Unless I’m mistaken (and I very well could be) this is the first cinematic adaptation of a video game. What a fucking curse that’s been! I suppose it was only inevitable that the wildly successful Mario Bros. fanchise went to the big screen. It’s just unfortunate that it had to go up there in this fashion. The film stars Hoskins and Leguizamo as the two Brooklyn, plumber brothers who, for one reason or another, visit this alternate universe. The story loosely follows the plot of the video game where Mario and Luigi have to save the princess from the evil Bowser, King of the Koopas (here played with amazing conviction by Dennis Hopper). As if it wasn’t a big enough offense to give the brothers the last name of “Mario”, yes that makes him Mario Mario, the film also makes all of the Koopa world filled with dinosaurs. I suppose the filmmakers thought that instead of making the Koopas just look like the extra-terrestrial monsters that they are, the audience would find them more relatable if they were dinosaurs. Not to spoil too much of this wondrous epic, but the Mario Bros. save the day. As they sit in their kitchen back in Brooklyn, Luigi depressed over having to leave his beloved Princess Daisy behind in the Mushroom Kingdom, there’s a gigantic knock on the door. In bursts Princess Daisy (played by Pump Up the Volume‘s Samantha Mathis) dressed in war-torn rags and carrying this gigantic rifle/blaster looking thing. The brothers are shocked. As they stand there slack-jawed Daisy shouts to them/the audience, “You’re never gonna believe this!” And as Mario grabs his tool belt, “I believe…oh I believe.” Believe what? What is she talking about? Well who the hell cares? Apparently no one. The film bombed at the box office and no one wanted to touch another live action Super Mario Brothers movie.  It’s been sixteen years and no one has ever mentioned a sequel to this film other than to mention that they will never make a sequel to this shitty, shitty, shit film. Ever. And that’s something you can believe.

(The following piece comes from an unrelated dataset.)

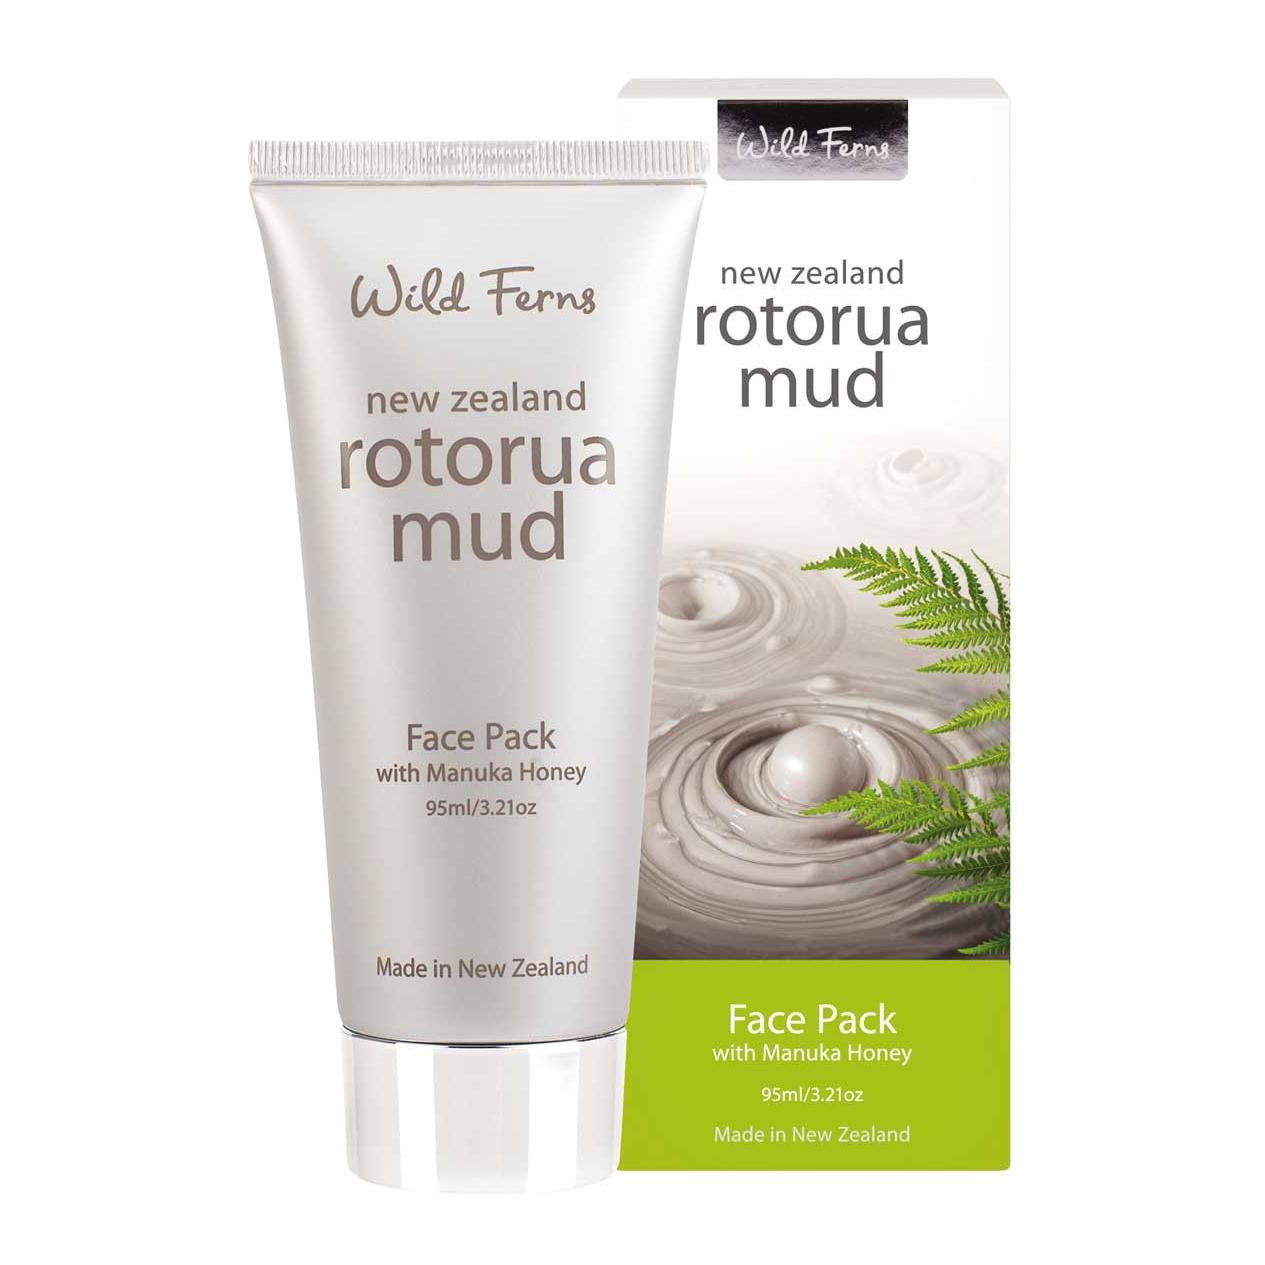 Wild Ferns Rotorua Mud Face Pack with Manuka Honey (95ml)

You're never gonna believe this!

You're never gonna believe this? Fucking kill me

~ by allearsalleyesallthetime on July 16, 2009.

2 Responses to “The 5 Most Awkward Sequel Setups of All Time”

  1. God do I love the SUPER MARIO BROS movie! It really does take a pair to make a film that panders specifically to the fever dreams of Mario fanatics and shuts out just about everyone else! I never thought you could make a live action movie about Brooklyn Plumbers who can jump between dimensions, but it happened and I was entertained out of my mind!

  2. Poor fucking Rual Julia… Vaya Con Dios, indeed.